Siano has always seemed at least partly serious—his cabaret never ascended to the condition of satire. Siano sang those Top 40 songs like he meant them, even when they were beyond his range, and his jokes were more a celebration of soft-rock cheese than critical commentary. But Siano's stage persona roughed up the Don Johnson cool with a touch of Falstaffian irony: He never missed an opportunity to make fun of himself and his material if the punch line was good enough. And even while he flubbed, Siano seduced his audiences (more middle-aged and middlebrow than Re-bar usually sees) as they giggled and squealed to every synthesizer-soaked chorus.

Siano's soft-rock rubric has gone by different names during its career: The Mark Siano Soft Rock Spectacular, Super Soft Rock Spectacular, Soft Rock Explosion, Back to the Soft Rock, and now its swan song, The Soft Rock Kid. But its content is always the same: Siano's 1980s vaudeville with the Freedom Dancers roller-skating and flash-dancing around him in a penumbra of leg warmers and leotards.

Siano is killing the music (softly) with a final, oddly autobiographical show. It begins as his girlfriend Joanna (Siano's real-life ex) leaves him, hauling her rolling suitcase offstage in a huff. Siano settles down to a season of single-guy purgatory: bong hits, cheese puffs, and singing soft rock in the shower. A broom-pushing sensei finds Siano and trains him in the art of cabaret stardom. Siano lands a gig and cajoles whoever will grudgingly join him—Joanna, his little sister Lieta, his friends Abigail Guay, Joey Chapman, and others—in his unlikely ascent.

The Soft Rock Kid is only thinly fictionalized. The sensei character, played by Ray Tagavilla, is an amalgamation of Mr. Miyagi from The Karate Kid and a real-life Vietnamese coworker who encouraged Siano to pursue his soft-rock dreams. The local impresario who gives Siano his first big break is, Siano says, "an alternate-universe version of Bret Fetzer" from Annex Theatre (and played by David Swidler, a sharp comic actor who is returning to Seattle stages after a long hiatus). As always, the Soft Rock fans cheer and squirm in their seats as Siano punctuates the comedy with his versions of Astley, Benatar, Collins, and the rest of the '80s alphabet. The cabaret has come a long way since its Re-bar stumbles—slick dance routines, a full band, and so many costume changes, one hesitates to contemplate the dry-cleaning bill.

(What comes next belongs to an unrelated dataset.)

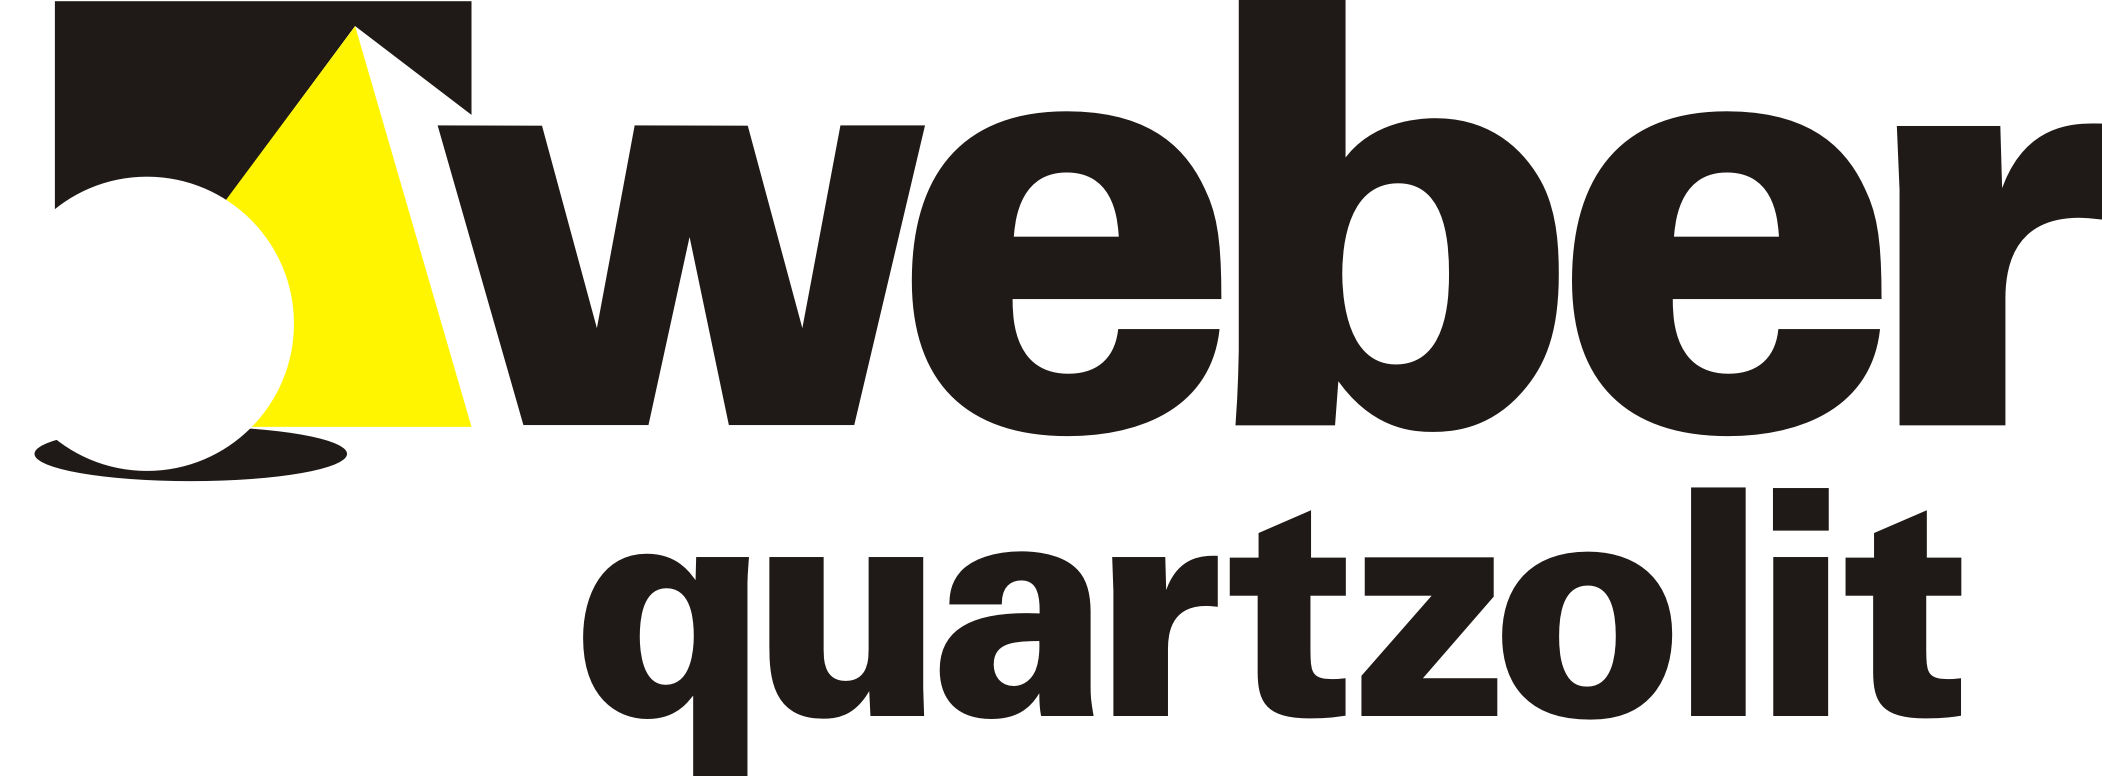 logo-weber-quartzolit_semfio1

Why is Siano abandoning the soft rock just as it's hitting its peak? "That music is made for dudes who sing tenor," he says. "I'm a bass-baritone and this stuff is just not my range. I'm more of a '50s-style crooner. Also, I think soft rock is kind of limiting—it's really hard to find soft-rock dance songs. I'm hoping that the reputation we've made for putting on fun, quality shows will translate into other themes." Siano is cobbling together a gig at El Gaucho next month with Swidler and, perhaps, his little sister and ex-girlfriend.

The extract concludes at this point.